Él estaba sentado, como de costumbre, en su silla magistral, frente a su ordenador portátil, con su teléfono sujeto entre su hombro y su oreja y los cinco sentidos puestos en su trabajo. Ni siquiera se había dado cuenta de que yo estaba allí, observándolo.

Pocas veces había podido entretenerme a mirarle con aquella precisión, como una simple espectadora, sin que él advirtiera mi presencia.

Tenía el cabello castaño oscuro peinado, como siempre hacía atrás, aunque su mechón rebelde había vuelto a caer sobre su frente, como si no quisiera ser domado. Sus ojos pardos se mantenían fijos sobre la pantalla del ordenador, ocultos bajo unas espesas y oscuras pestañas que seguían la forma almendrada que les daba forma.

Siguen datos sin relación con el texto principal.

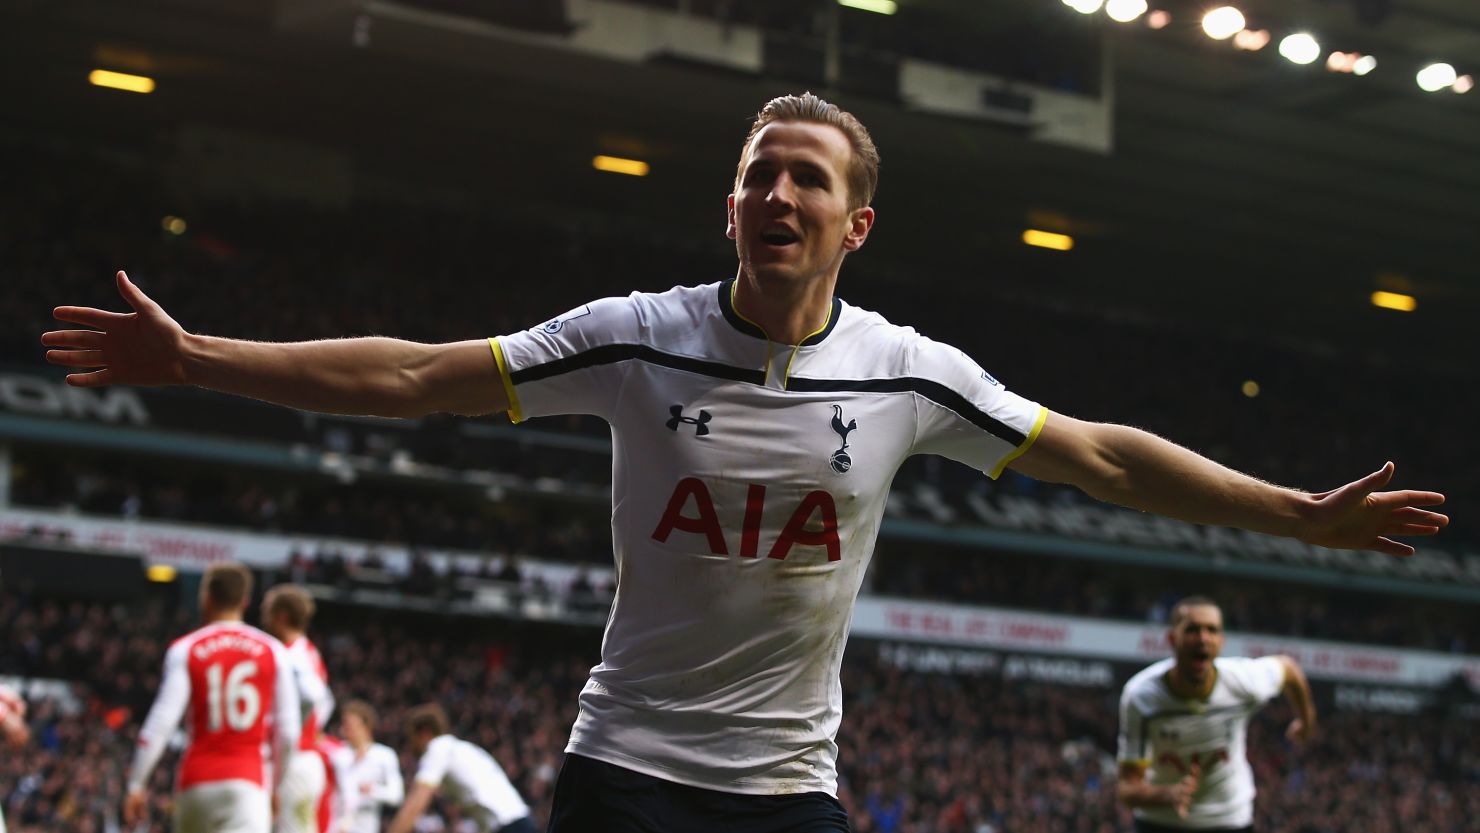 The chants were aimed at Tottenham Hotspur's striker Harry Kane

Su nariz, recta y bien definida, era el puente perfecto hacia sus labios, gruesos, carnosos y rosados, que, entreabiertos, balbuceaban palabras en japonés que, desde luego, no llegué a comprender. Su rostro de piel perfecta y barbilla partida contaba con una serie de pecas repartidas sin equidad por sus mejillas que se extendían hacia su cuello y acababan perdiéndose bajo el cuello de su camisa, anudado con mi corbata roja.

Era la viva imagen de la juventud y de la belleza perfecta que eso conllevaba y, aunque todas las revistas aseguraban decir que había nacido el 19 de agosto de 1993, él no aparentaba más de veintidós años.

Bajé la mirada cuando me di cuenta de que llevaba demasiad tiempo observándole, despertando de mi ensoñación y, tras carraspear, llamando su atención también.

Sus dedos largos y de uñas cortas y cuadradas detuvieron su incesante tecleo en el portátil para levantar la cabeza y ver que yo, Agathe Tailler, a quien él había llamado estúpida en más de una ocasión, estaba frente a él.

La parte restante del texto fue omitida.